§ **DATA**:

- - - - - - -

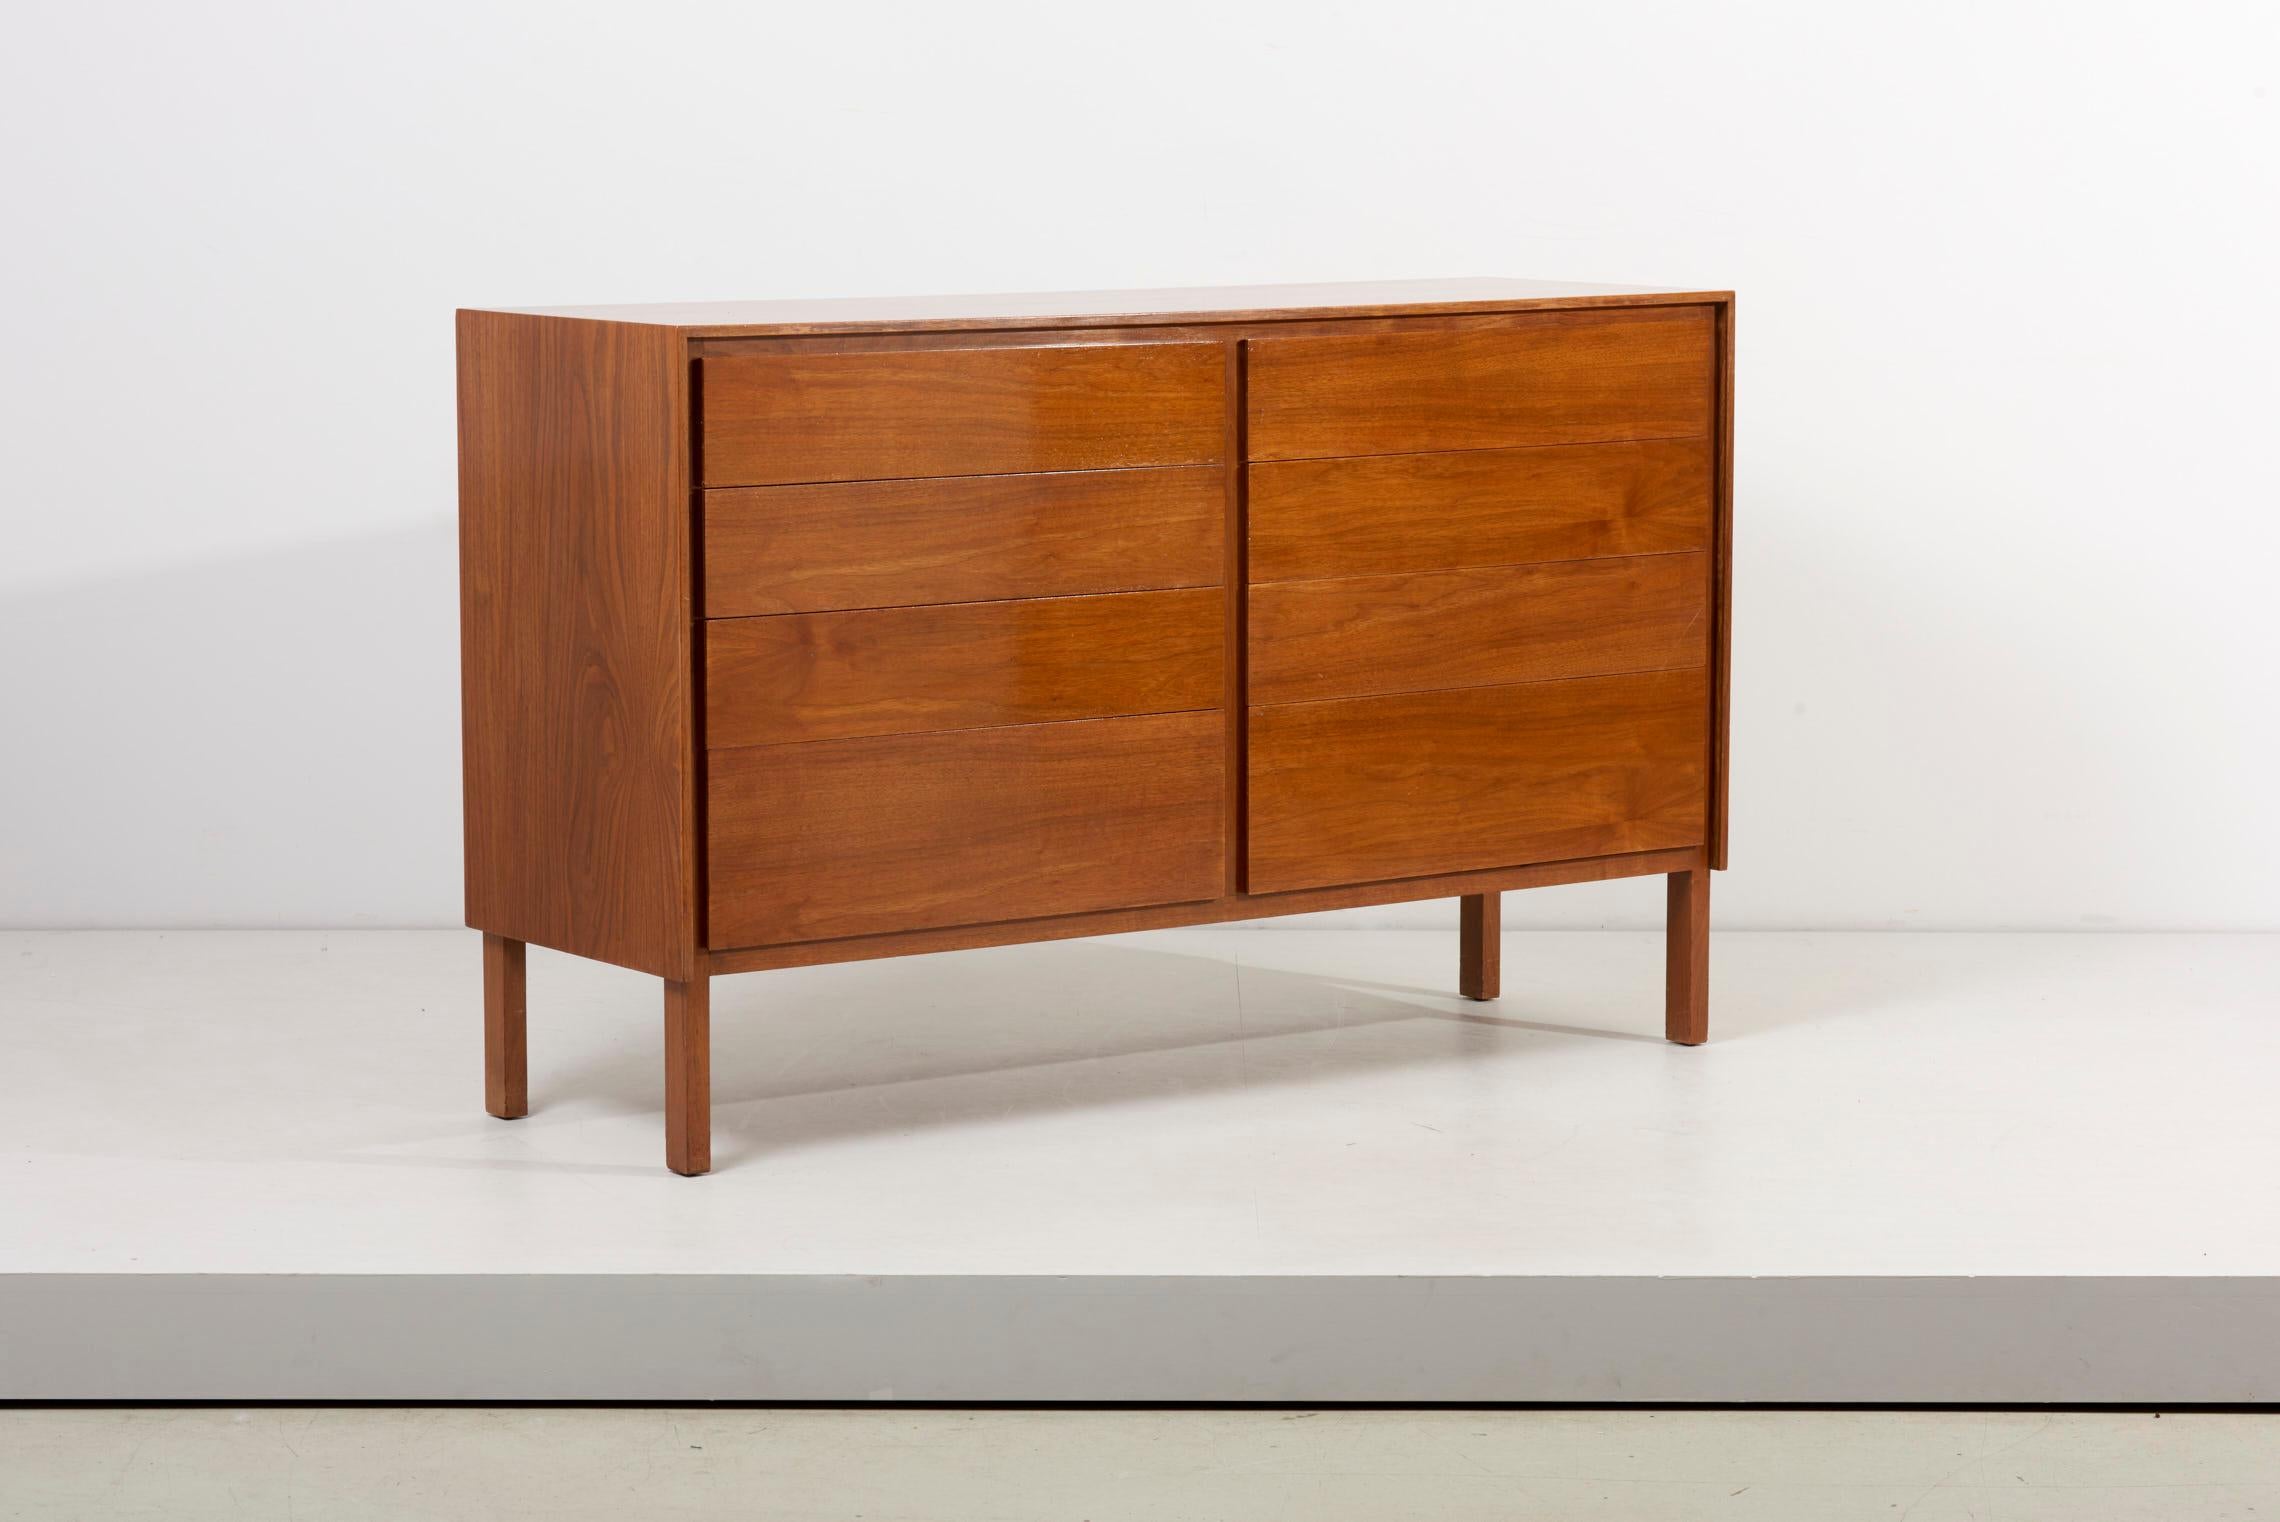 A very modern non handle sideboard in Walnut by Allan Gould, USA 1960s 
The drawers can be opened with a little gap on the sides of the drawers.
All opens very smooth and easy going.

- - - - - - -

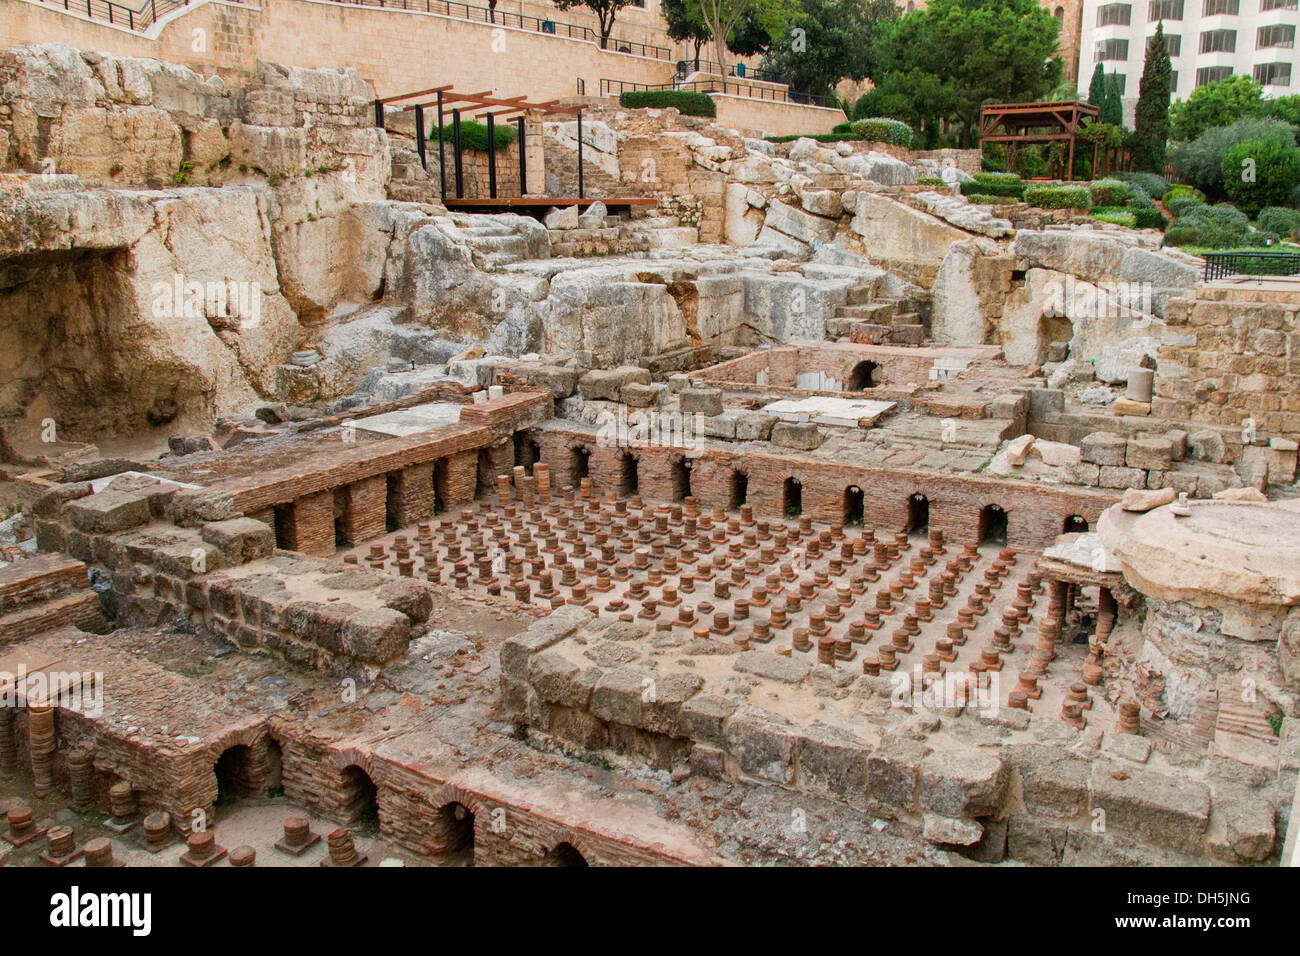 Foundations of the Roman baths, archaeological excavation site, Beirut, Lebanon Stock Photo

- - - - - - -

Reproduce exactly the lines above that run from the one with "A very modern" to the one with "All opens very smooth and easy going.", both included, leaving pictures out.

§ **WORKED SOLUTION**:
 A very modern non handle sideboard in Walnut by Allan Gould, USA 1960s 
The drawers can be opened with a little gap on the sides of the drawers.
All opens very smooth and easy going.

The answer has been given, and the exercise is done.